YB: Although I think Bavaria is not really representative of Germany, I still would think beer lovers should go there. Also a brewtour at the end of August, or beginning of September through Franconia is most highly recommended. Also, don’t expect brewpubs to have more than 1 or 2 different types of beer. And the supermarkets won’t carry a wide range of beers from outside of the region you are in.

BB: Can you recommend any special places in particular one should see or go for good examples of local flavors and styles?

YB: I haven’t been to the Oktoberfest but Pivo says that’s a big experience, so go to Munich. But remember, the "samples" of beer at Oktoberfest come in 1 liter glasses! Mardi Gras time in Köln and Düsseldorf in February might be good for Kölsch and Altbier. But be aware, that’s the only time Germans have been known to be funny!

BB: As a German, do you feel lucky living in such a beer rich culture, or have you become "numb" so to speak, to it’s impact on the rest of the world, and take it for granted, as we so often take things that are familiar for granted?

YB: If I would be able to have access to all beers of the different regions, I would feel lucky; but you don’t get the good beers in all regions so easily. It’s not as wonderful as I sense you think it is. The regional German thing - I think that will never change. It has nothing to do with law, I think it is just a traditional thing. Like everybody in Hamburg wants to have a Jever in the pub, while everybody in Hessia wants to have a Licher. German beer drinkers often stick traditionally to one style/brewer of beer. Like a friend of mine and I were out a few weeks ago. We have been to our favorite pub and they had Jever and also a Schwarzwald-Region (Black Forest Region) Beer, named Rothaus Tannenzapfle. I had the Tannenzapfle before and it is really a very good beer, I think. But it took me about three bottles of drinking to convince him to even try it, as he says Jever is the best.

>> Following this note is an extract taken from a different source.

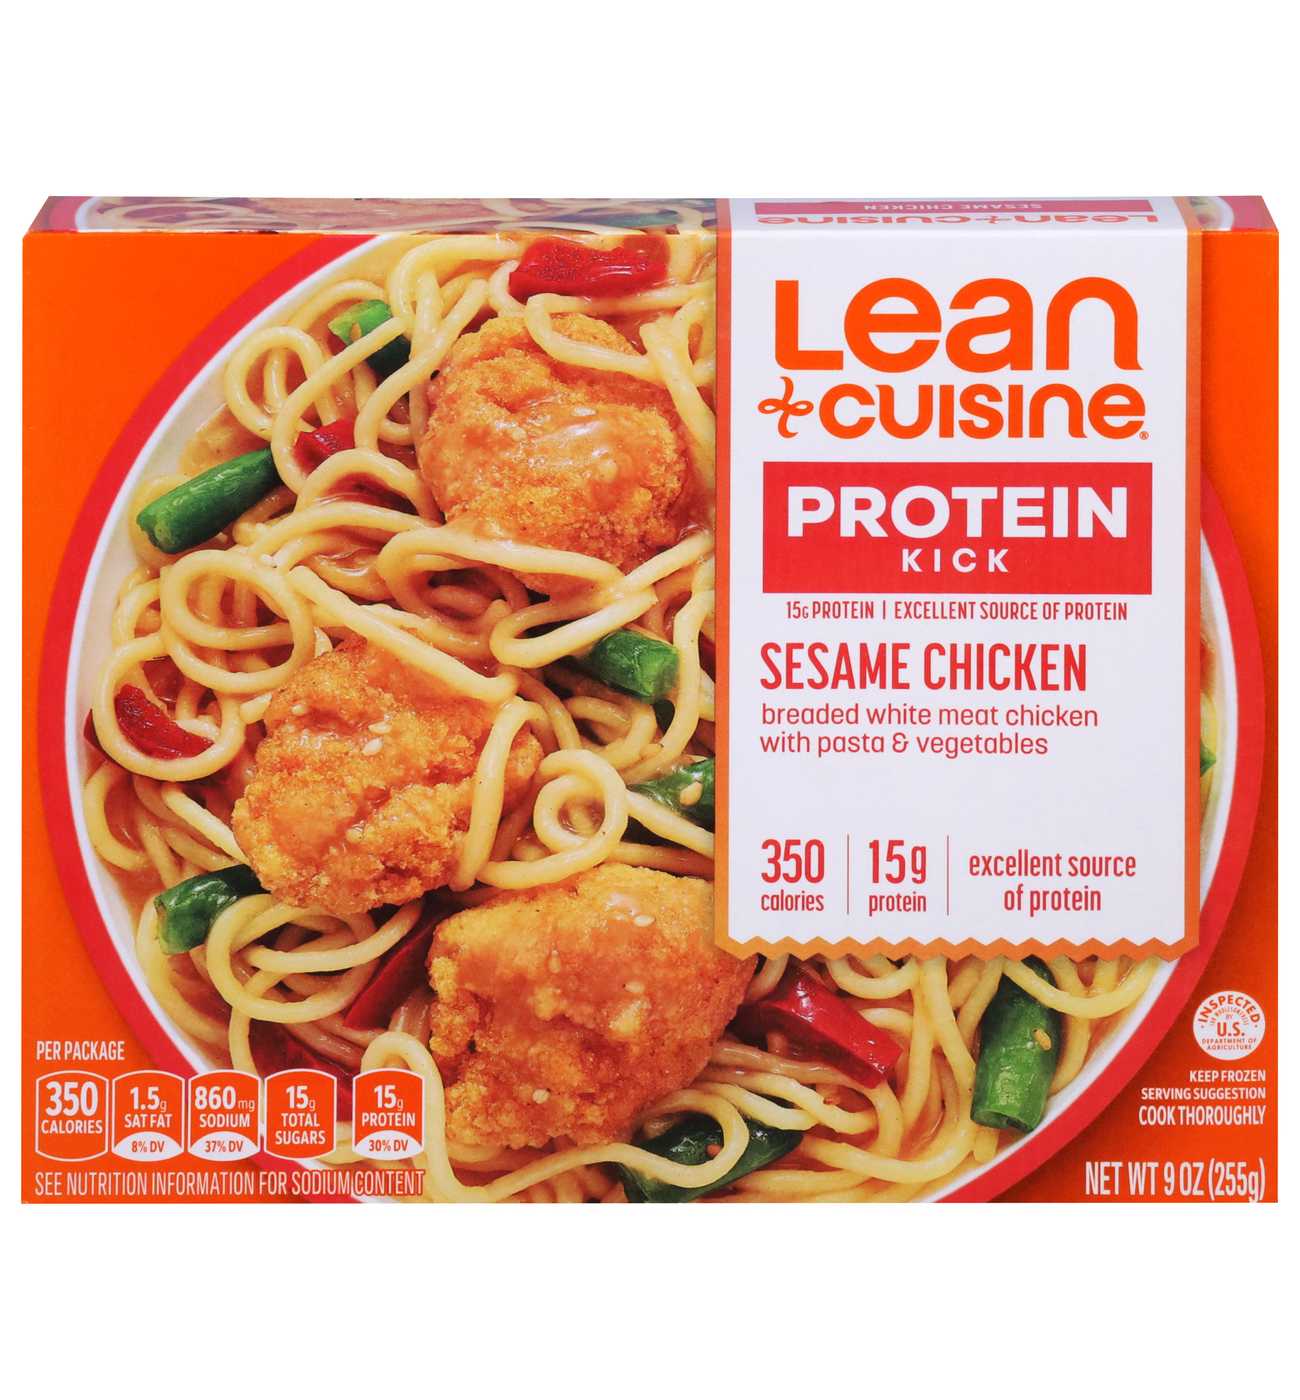 Lean Cuisine 15g Protein Sesame Chicken Frozen Meal; image 1 of 6

Pivo said he has often witnessed things like this with Germans. So the beer stores might know that selling an unknown beer from another region here would bring them no money. Something else is going on with the high advertised beers like: Warsteiner, Flensburger etc. They have TV-advertisments and so are not regional anymore.

BB: What do you get or gain from coming to and participating on Ratebeer.com? And any suggestions, other than free beer (!), to make it a better experience?

YB: First of all a database that shows all your rated beers. Learning by reading other ratings and also by asking people who are also Ratebeerians like for me, Ramsdell, VENOM, ecrvich and Oakes and Ol_Juntan. I kind of like to see the website even when I’m not rating a beer, reading the forum postings. A better experience? He, joet, has made it the best experience so far for me!

BB: Have you recommended the site to others that have started coming on and rating beers themselves?

YB: Well, one of my friends has joined as a female rater. She has not one rating yet, but still rates with me. That is about it, as most of my friends think it’s a crazy hobby.

BB: Well Ms.Beera, I appreciate your taking this time to share your outlooks and experiences with the folks here on Ratebeer.com. I’m sure they will find it both informative and insightful. Thanks for sharing and keep on rating those beers. Is there anything you’d like to add?

YB: Thank you for your nice questions and Prost to everybody.

BB: Danke schön und Prost!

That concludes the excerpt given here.